# Result Analysis

In [1]:
models = ["gpt-3.5-turbo-0125", "gpt-4-0125-preview", "gpt-4o-2024-05-13", "gpt-4-turbo-preview"]

In [2]:
import pandas as pd

def load_df(model_type, embedding, no_prev_chunking, gpt_model, batched):
    path = f"../data/dfs/{embedding}{'_no_prev_chunking' if no_prev_chunking else ''}/{model_type}/ReferenceErrorDetection_data_with_prompt_results{'_batched' if batched else ''}{'_'+gpt_model if gpt_model != models[0] else ''}.pkl"
    df = pd.read_pickle(path)
    return df

In [3]:
def remove_json_colons(json_text):
    if json_text and json_text.startswith("```json") and json_text.rstrip().endswith("```"):
        return json_text[7:-3]
    return json_text

In [4]:
import json

# Add extra columns for the model classification label and explanation by extracting the information from the JSON
# If the JSON is misformed due to leading ```json and trailing ``` then remove them
# Make sure that correct label and model label are both lower case and do not end with d (unsubstaniate instead of unsubstantiated)
def reshape_model_classification(df):
    for index, row in df.iterrows():
        if row['Reference Article Downloaded'] == 'Yes':
            try:
                row['Model Classification'] = remove_json_colons(row['Model Classification'])
                model_classification = json.loads(row['Model Classification'])
                label = model_classification['label'].lower()
                df.at[row.name, 'Model Classification Label'] = label if not label.endswith('d') else label[:-1]
                df.at[row.name, 'Model Classification Explanation'] = model_classification['explanation']
            except json.JSONDecodeError as e:
                print(f"Row {index} Model Classification could not be decoded: {e}")
                print(row['Model Classification'])
                df.at[row.name, 'Model Classification Label'] = None
                df.at[row.name, 'Model Classification Explanation'] = None
        else:
            df.at[row.name, 'Model Classification Label'] = None
            df.at[row.name, 'Model Classification Explanation'] = None
        df.at[row.name, 'Label'] = df.at[row.name, 'Label'].lower()
    return df

In [5]:
def eval_predictions_all_labels(df, include_not_originally_downloaded=True):
    total = 0
    correct = 0
    false_predictions = 0

    # What was the target label and what did the model predict (first hierarchy is target label, second is model label)
    type_false_predictions = {
        'unsubstantiate': {
            'partially substantiate': 0,
            'fully substantiate': 0
        },
        'partially substantiate': {
            'unsubstantiate': 0,
            'fully substantiate': 0
        },
        'fully substantiate': {
            'unsubstantiate': 0,
            'partially substantiate': 0
        }
    }

    for index, row in df.iterrows():
        if row['Reference Article Downloaded'] == 'Yes':
            if include_not_originally_downloaded or row['Reference Article PDF Available'] == 'Yes':
                total += 1
                target_label = row['Label']
                model_label = row['Model Classification Label']

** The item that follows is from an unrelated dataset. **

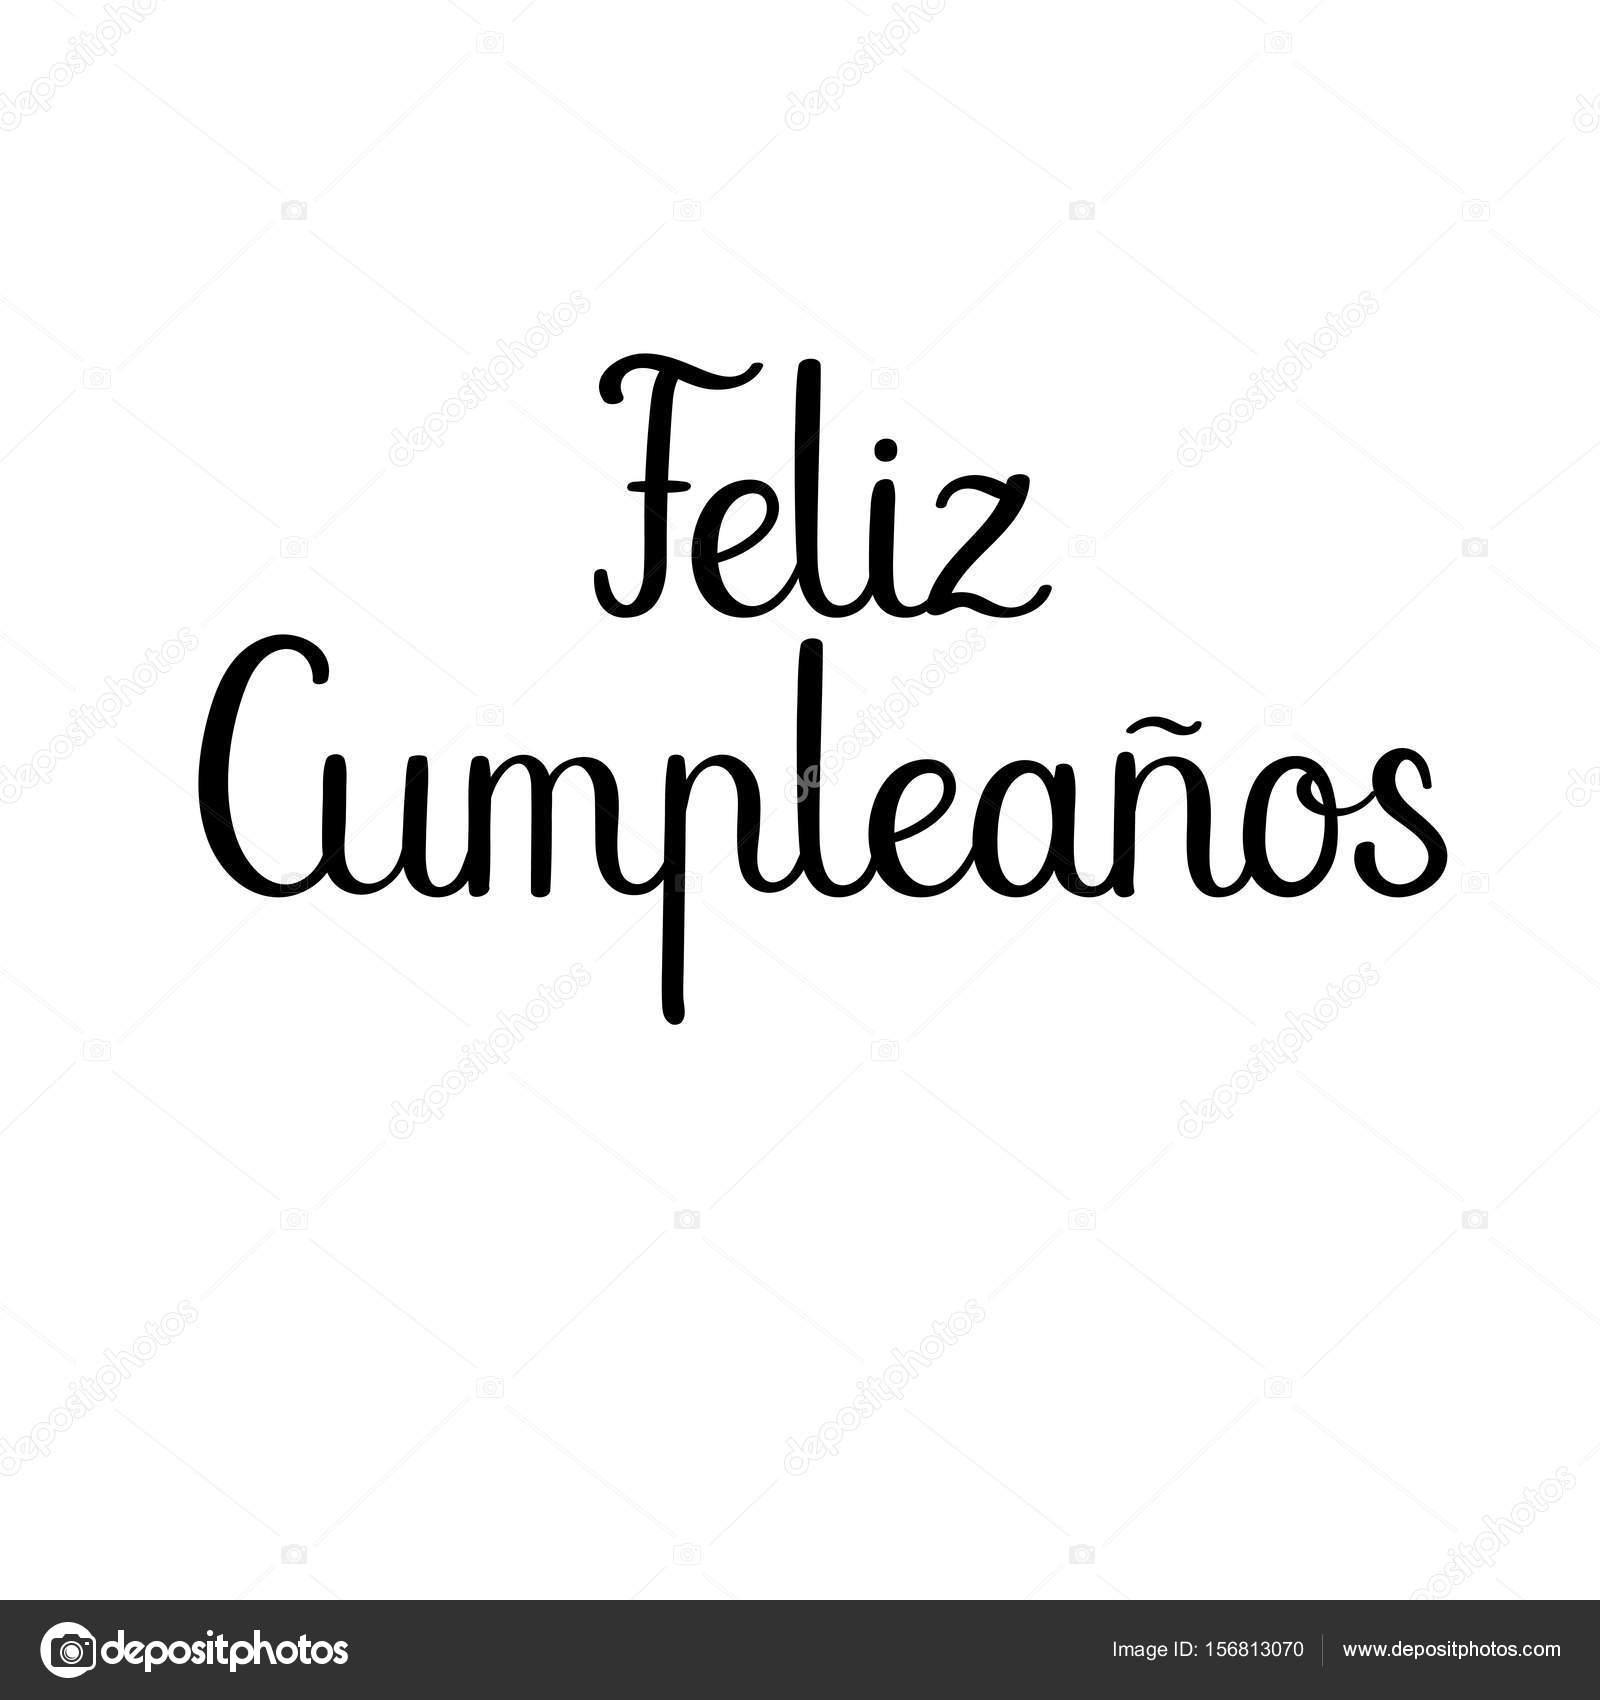 přání k narozeninám ve španělštině Feliz Cumpleanos. Všechno nejlepší k narozeninám ve španělštině  přání k narozeninám ve španělštině

                if target_label == model_label:
                    correct += 1
                elif model_label not in ['unsubstantiate', 'partially substantiate', 'fully substantiate']:
                    false_predictions += 1
                    print(f"Row {index} Model Classification Label is not a valid label: {model_label}")
                    print(row['Model Classification'])
                else:
                    false_predictions += 1
                    type_false_predictions[target_label][model_label] += 1
    
    evaluation_results = {
        'accuracy': round(correct / total, 4),
        'total': total,
        'correct': correct,
        'false_predictions': false_predictions,
        'type_false_predictions': type_false_predictions
    }

    return evaluation_results

In [6]:
def replace_substantiate_label(label):
    if label in ['partially substantiate', 'fully substantiate']:
        label = 'substantiate'
    return label

In [7]:
def eval_predictions_two_labels(df, include_not_originally_downloaded=True):
    total = 0
    correct = 0
    false_predictions = 0
    false_positives = 0
    false_negatives = 0

    for index, row in df.iterrows():
        if row['Reference Article Downloaded'] == 'Yes':
            if include_not_originally_downloaded or row['Reference Article PDF Available'] == 'Yes':
                total += 1
                target_label = replace_substantiate_label(row['Label'])
                model_label = replace_substantiate_label(row['Model Classification Label'])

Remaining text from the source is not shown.